◆ EXERCISE DESCRIPTION
Return all the lines below exactly as written. Drop every picture.

----- AVAILABLE DATA

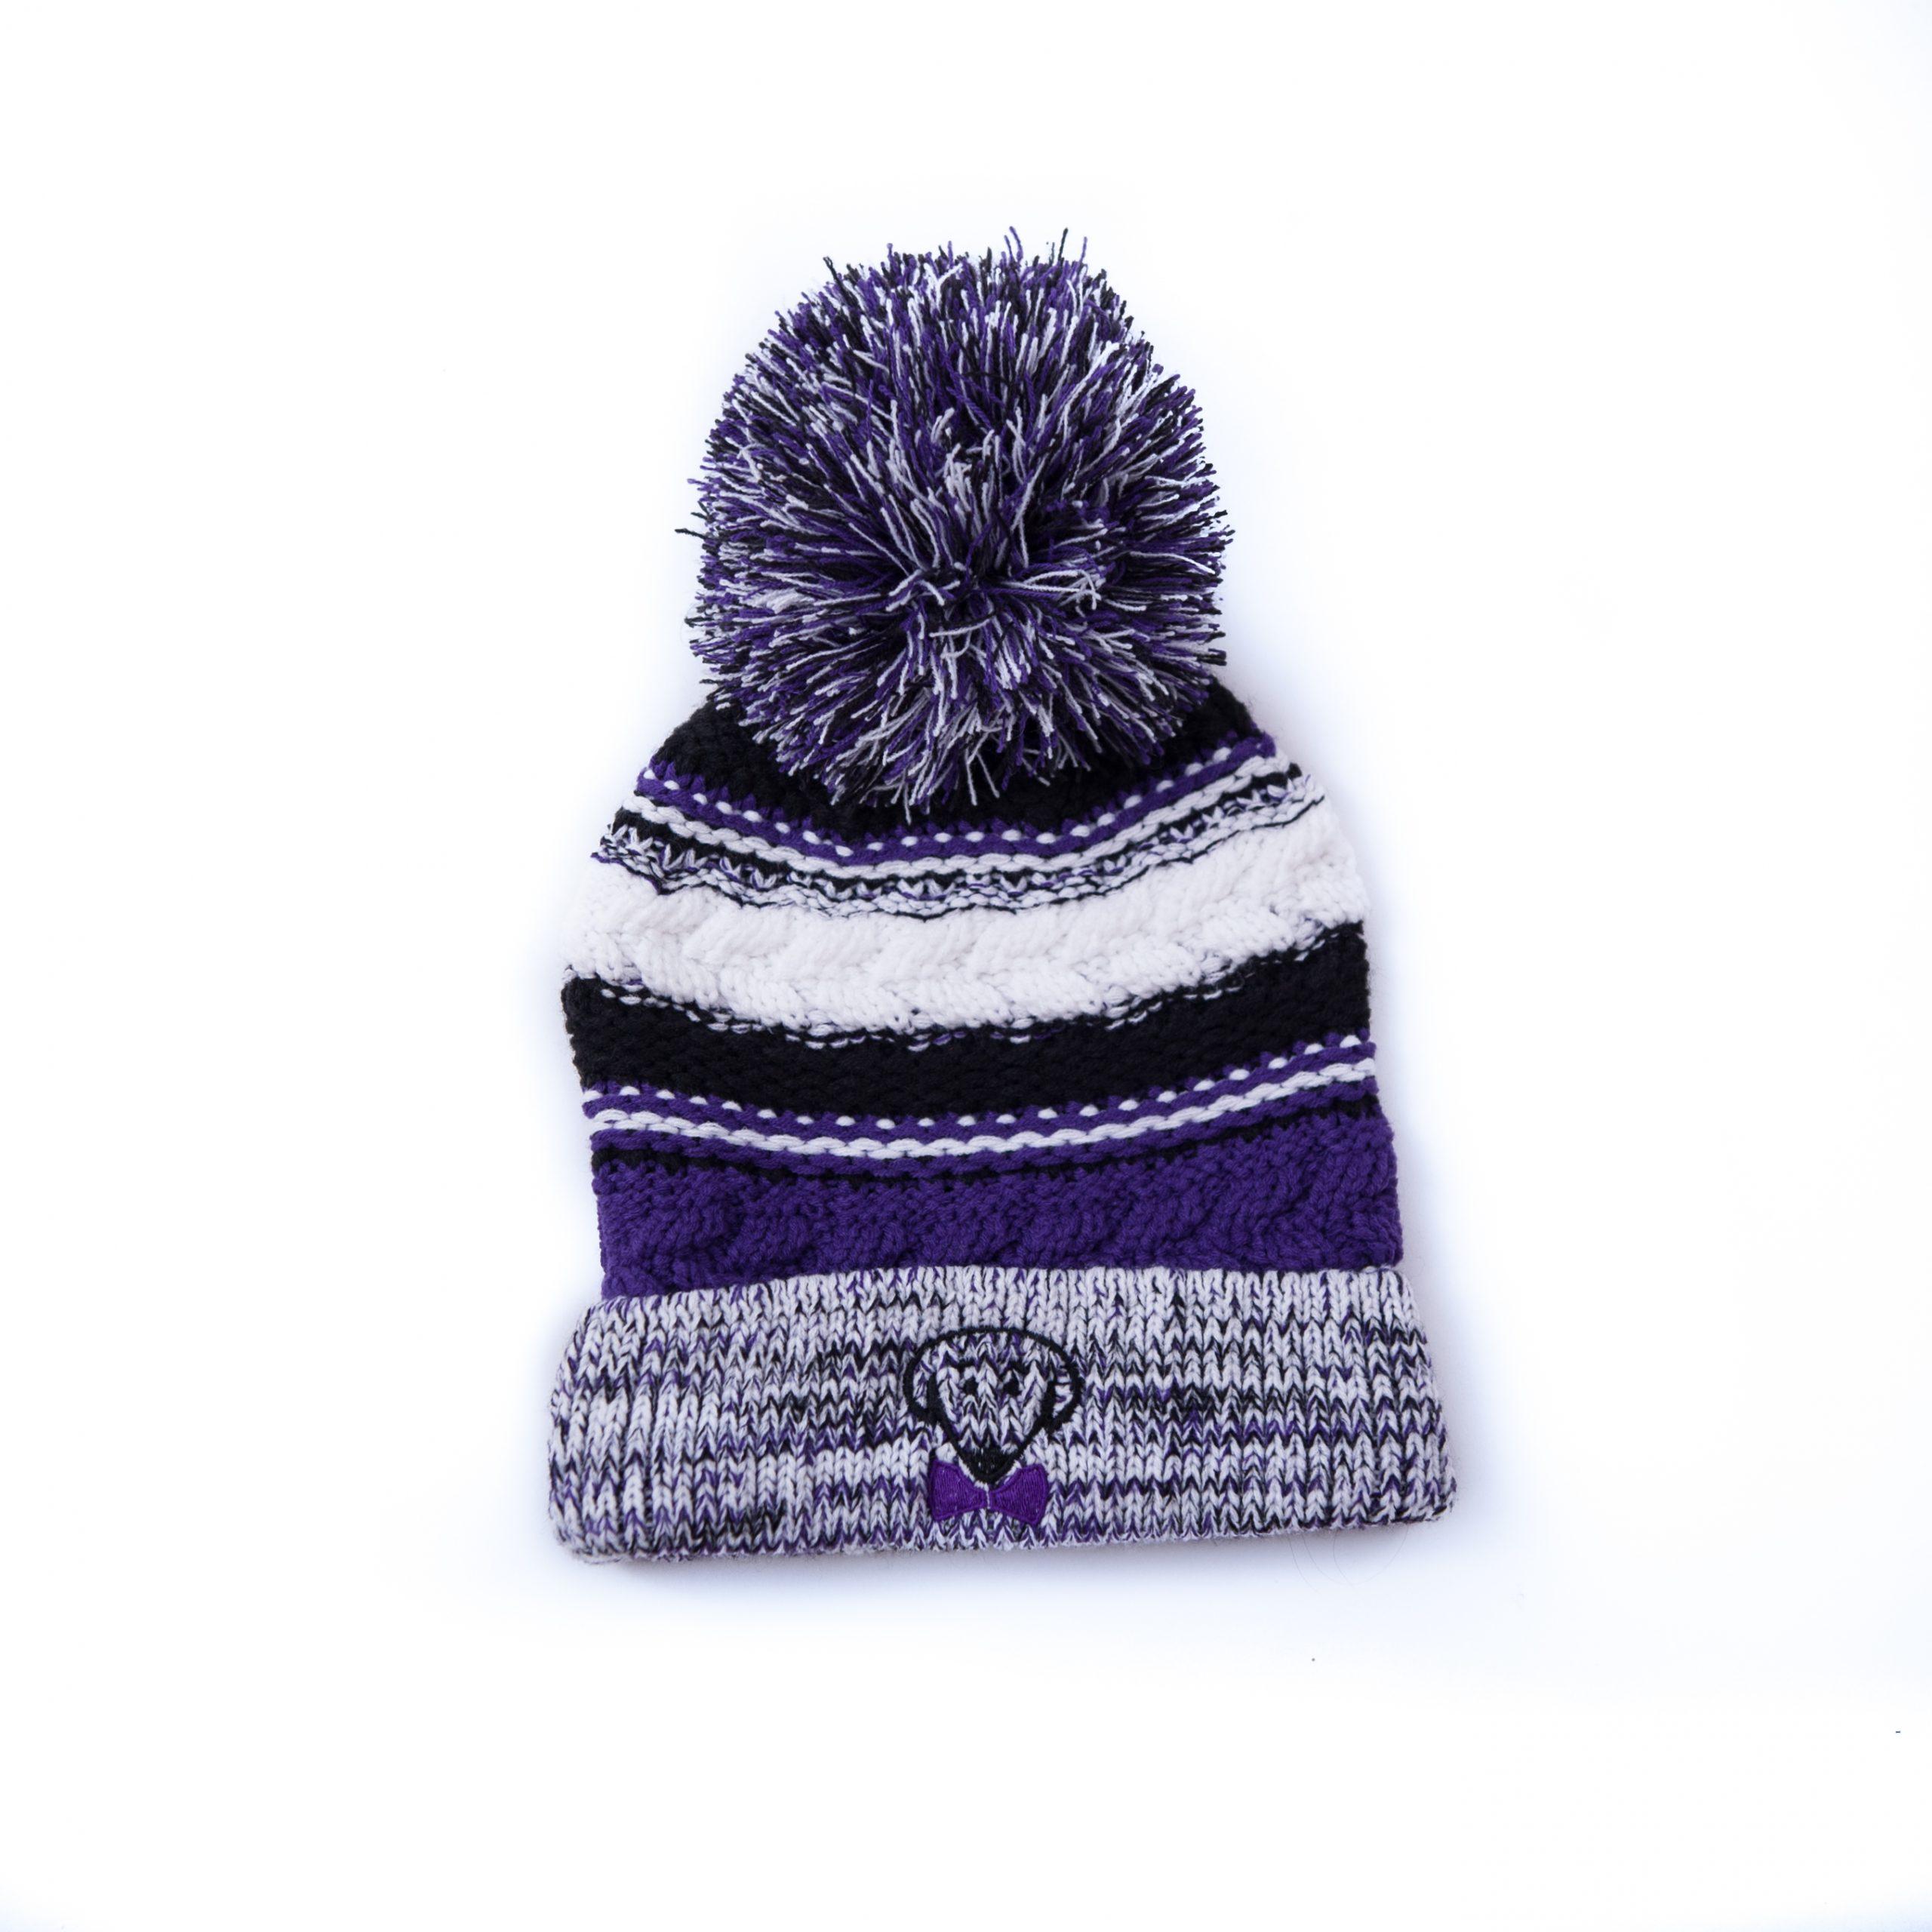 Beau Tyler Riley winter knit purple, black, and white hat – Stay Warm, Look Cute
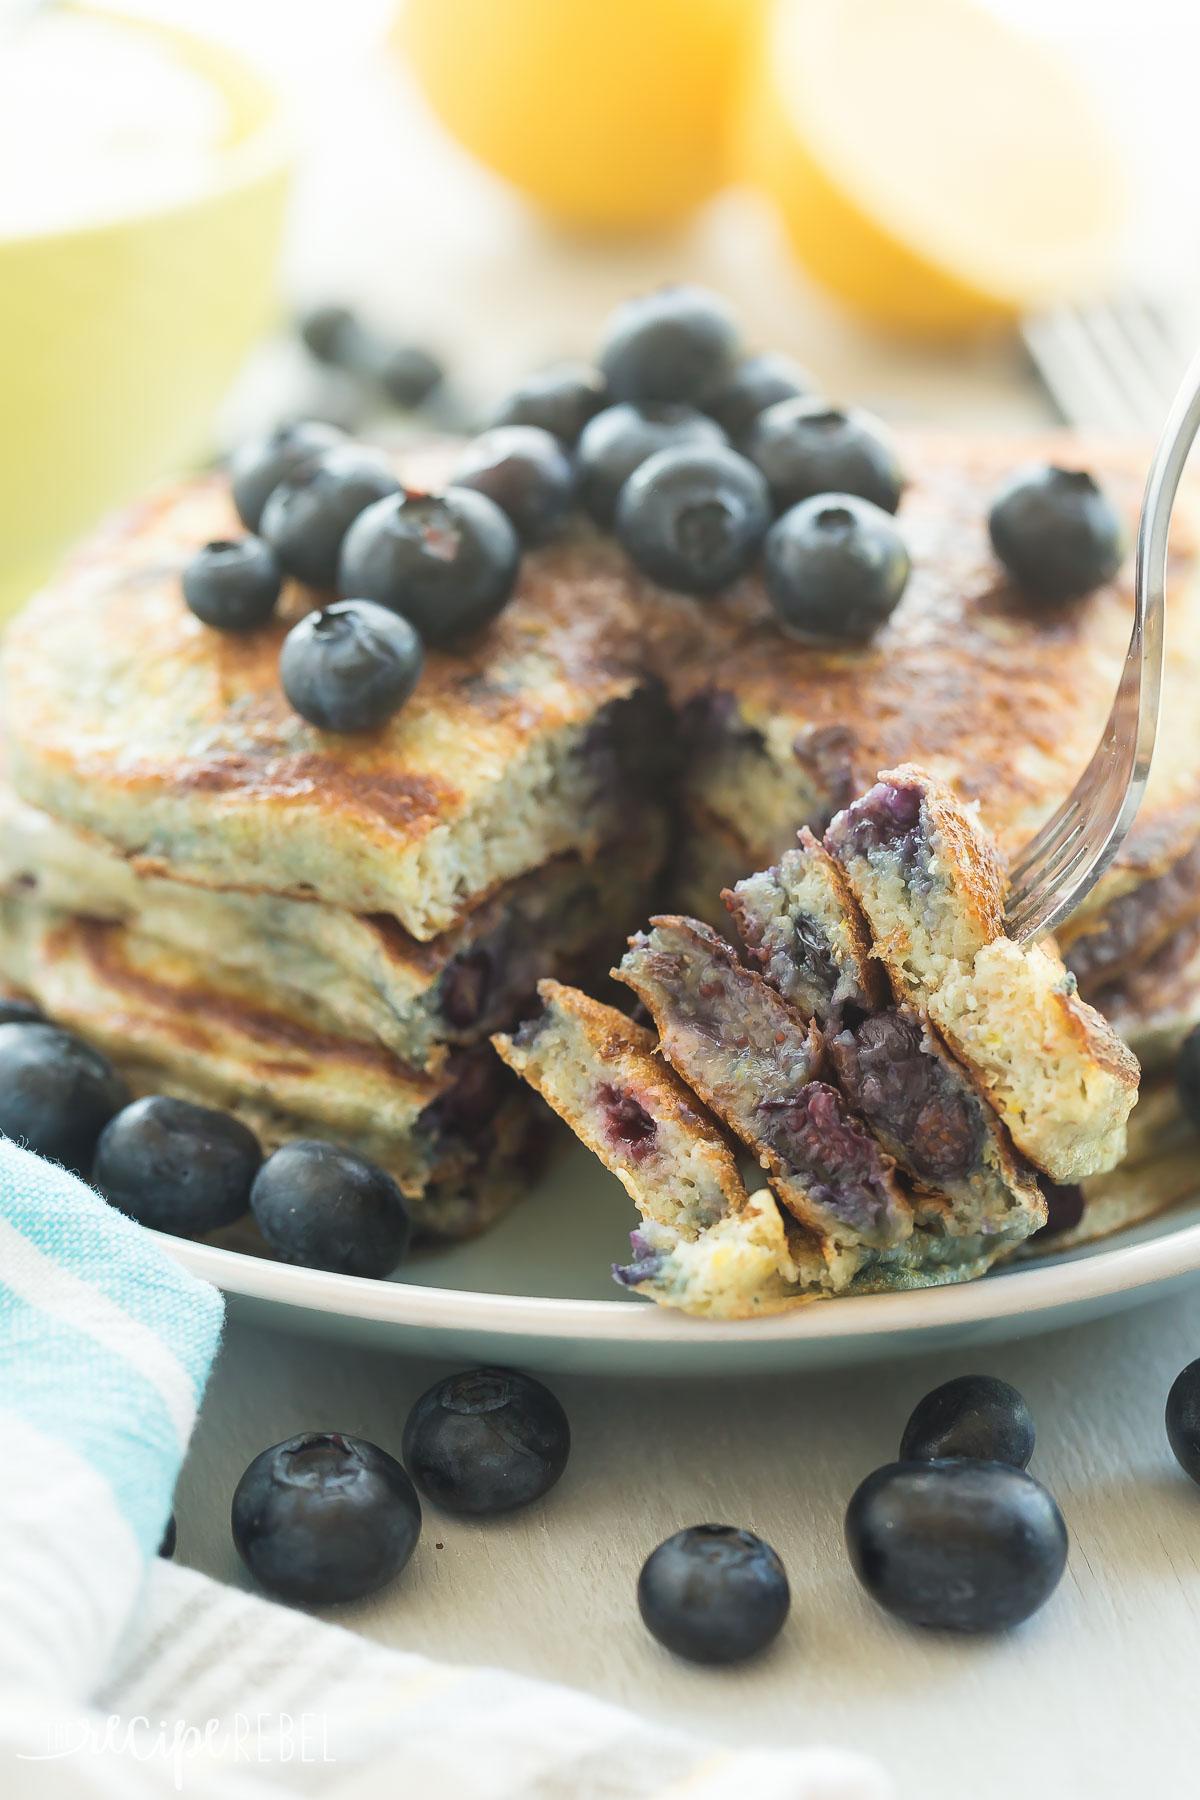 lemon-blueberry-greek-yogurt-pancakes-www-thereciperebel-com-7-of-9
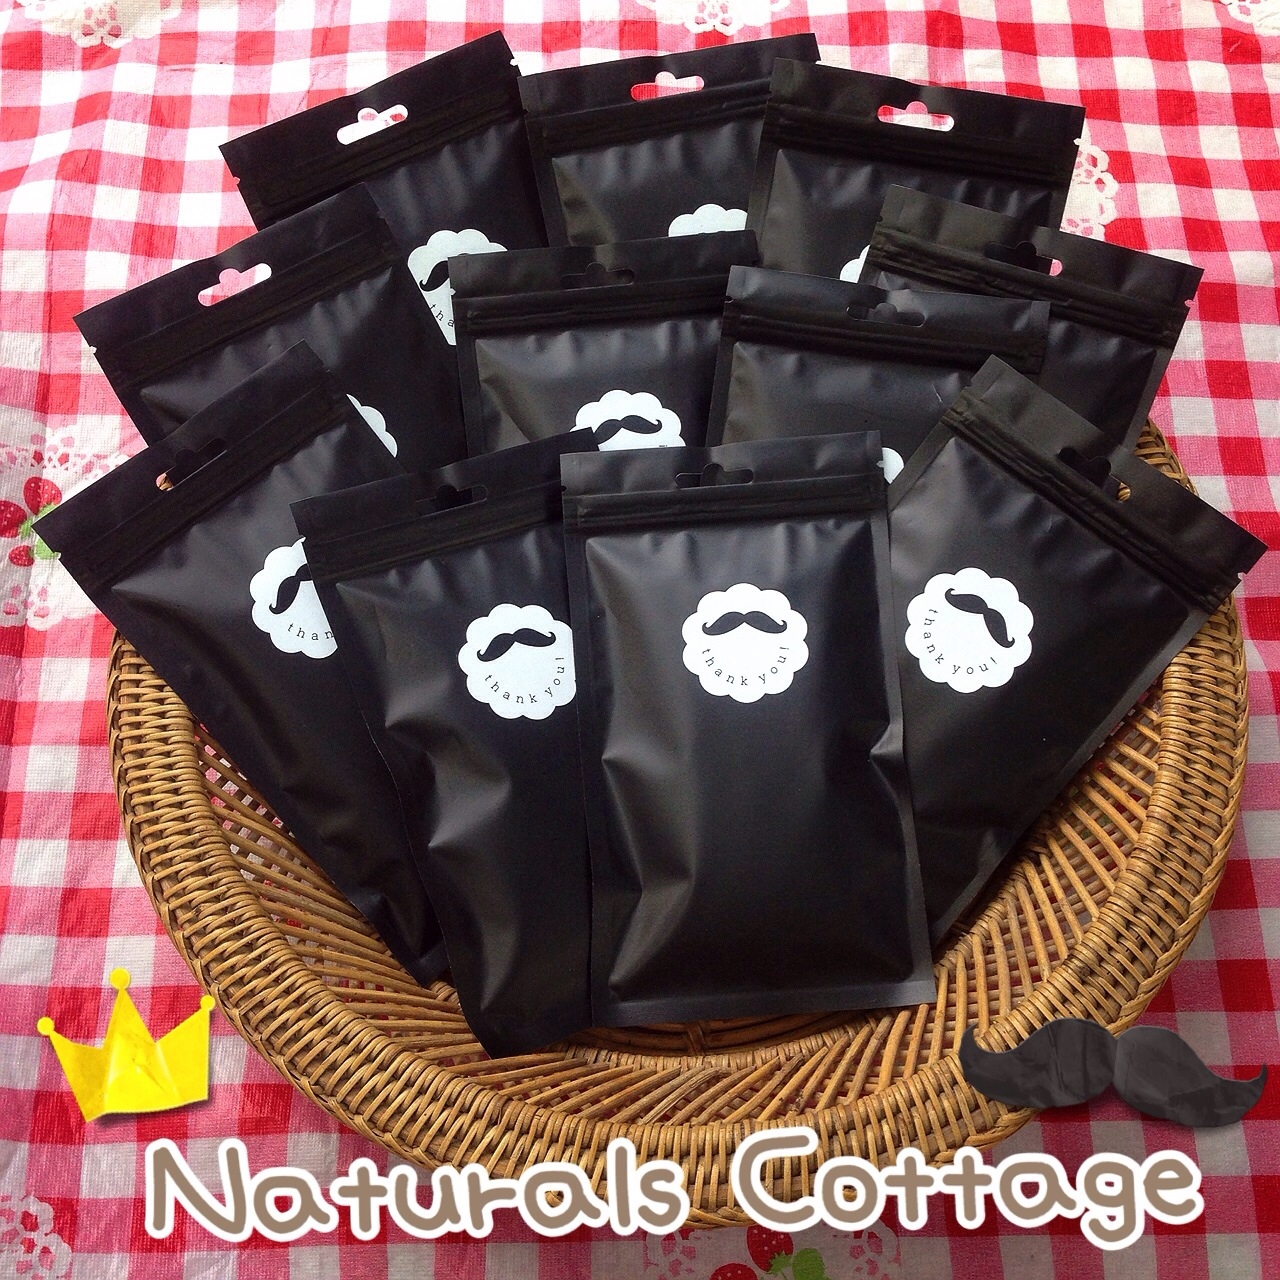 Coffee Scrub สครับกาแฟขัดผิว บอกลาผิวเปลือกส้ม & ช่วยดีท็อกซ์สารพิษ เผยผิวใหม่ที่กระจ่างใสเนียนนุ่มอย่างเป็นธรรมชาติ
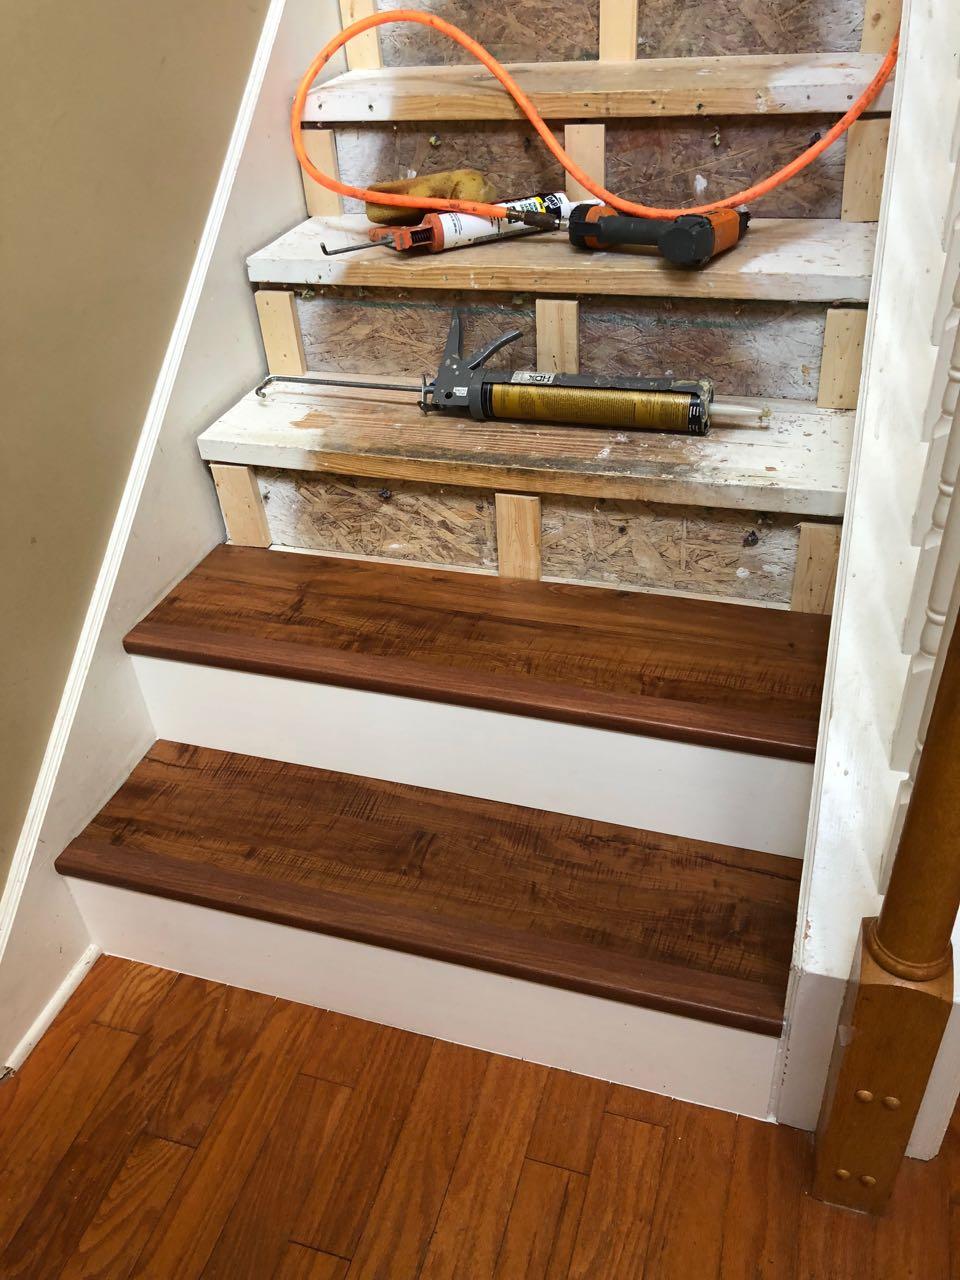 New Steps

----------

◆ YOUR SOLUTION
 Beau Tyler Riley winter knit purple, black, and white hat – Stay Warm, Look Cute
 lemon-blueberry-greek-yogurt-pancakes-www-thereciperebel-com-7-of-9
 Coffee Scrub สครับกาแฟขัดผิว บอกลาผิวเปลือกส้ม & ช่วยดีท็อกซ์สารพิษ เผยผิวใหม่ที่กระจ่างใสเนียนนุ่มอย่างเป็นธรรมชาติ
 New Steps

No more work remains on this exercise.